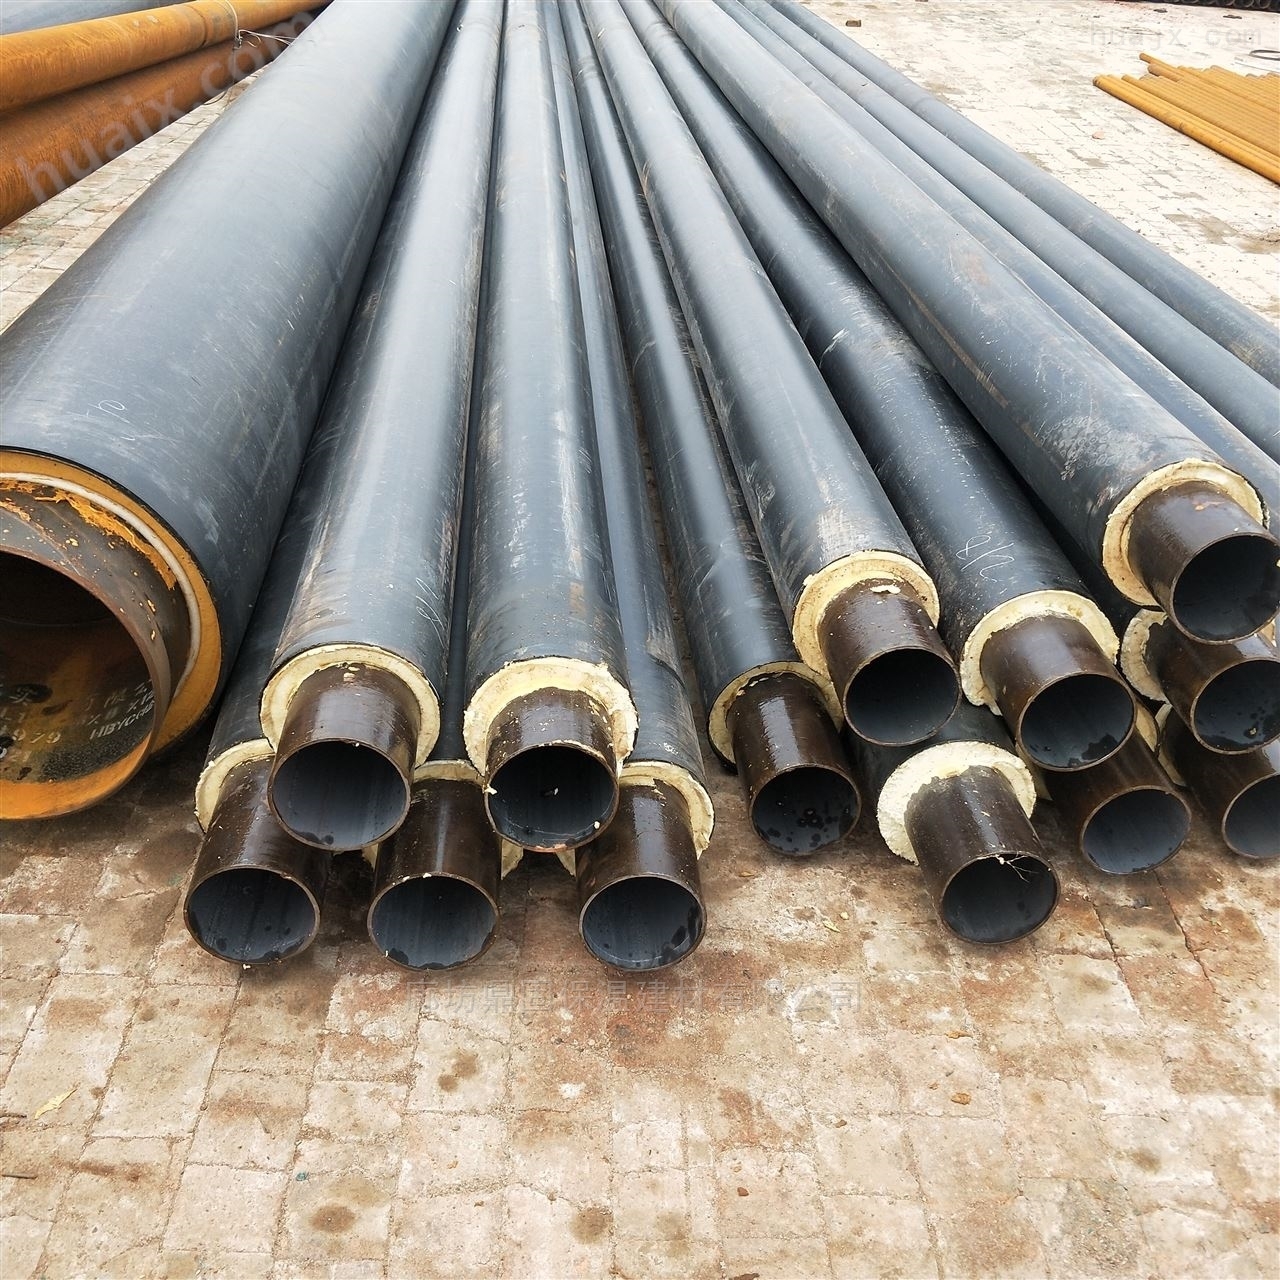 慈溪市钢套钢蒸汽式聚氨酯钢管开发与应用
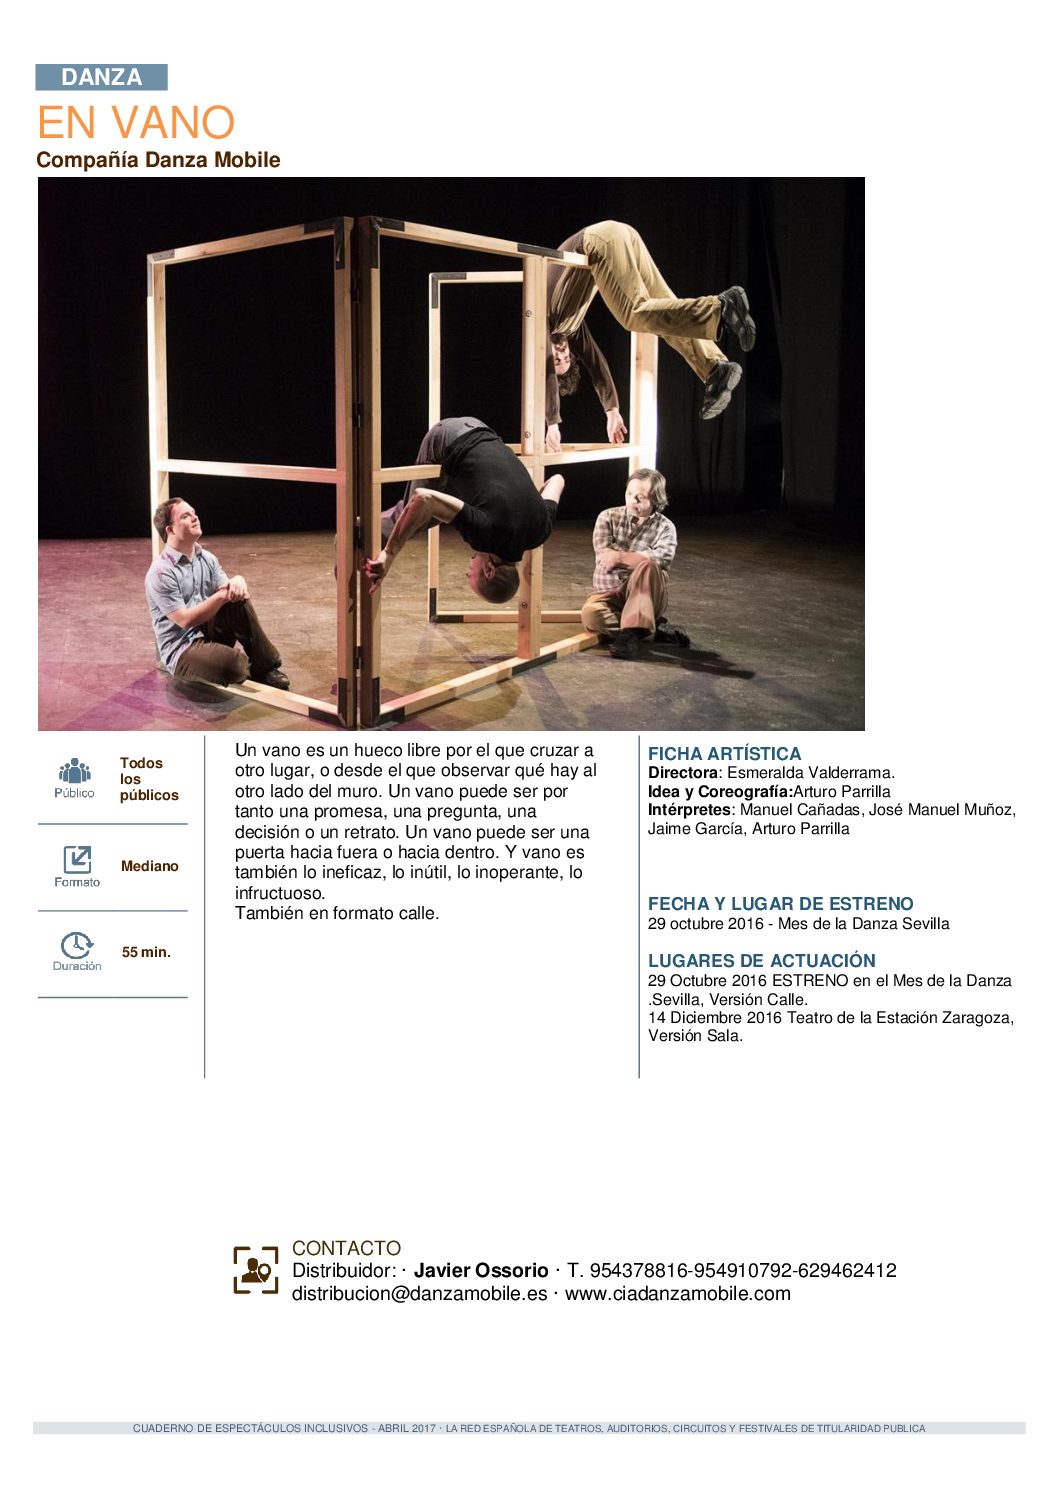 La Red Española de Teatros incluye 'En Vano' en su primer cuaderno de espectáculos inclusivo
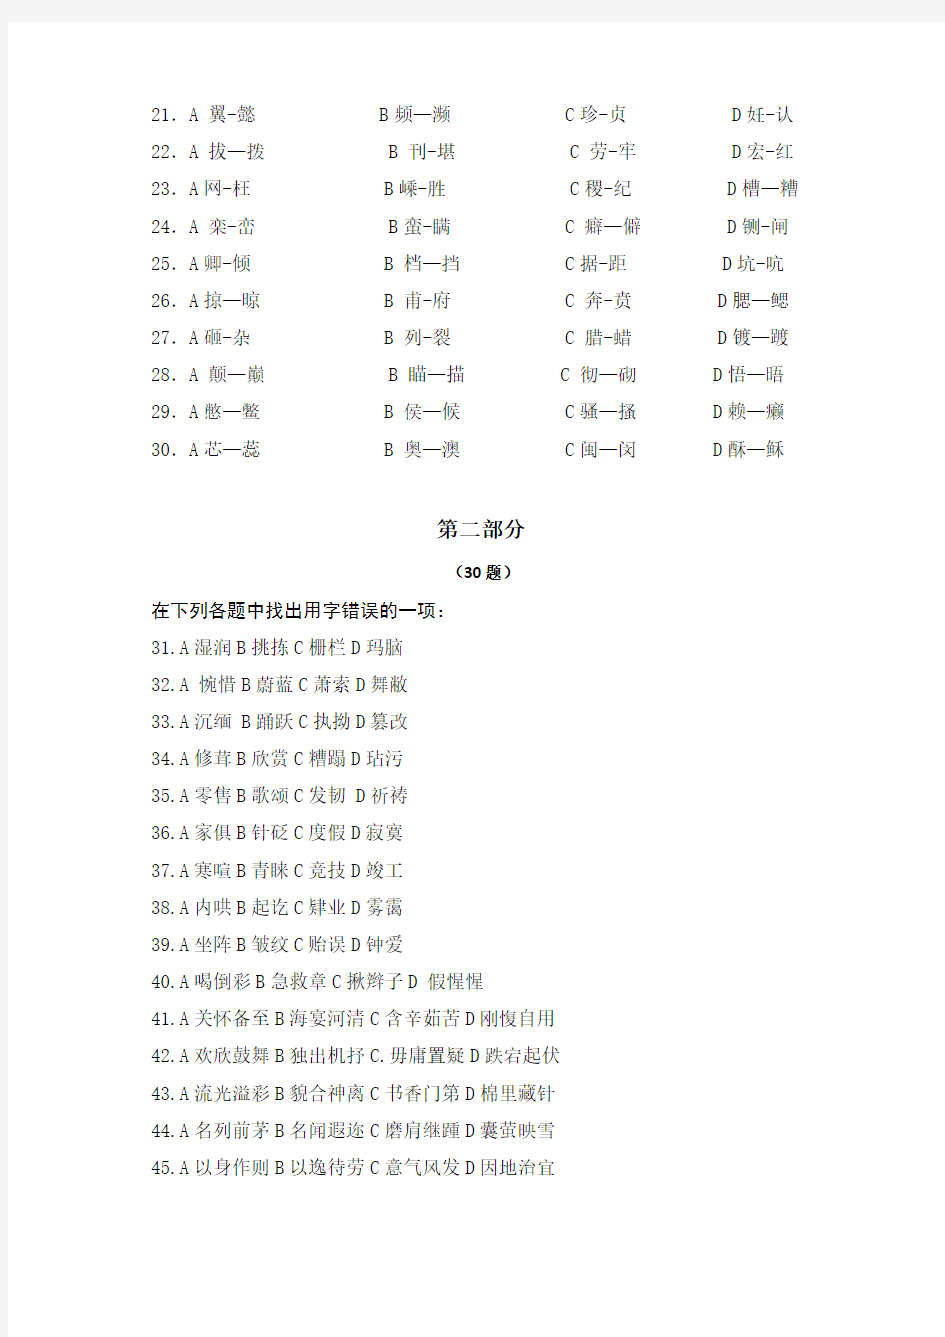 《汉字应用水平测试题》练习试卷及其参考答案 (4)

▶ What to produce
Please restate all of the listing above word for word, with no pictures.

▶ Reply
 慈溪市钢套钢蒸汽式聚氨酯钢管开发与应用
 La Red Española de Teatros incluye 'En Vano' en su primer cuaderno de espectáculos inclusivo
 《汉字应用水平测试题》练习试卷及其参考答案 (4)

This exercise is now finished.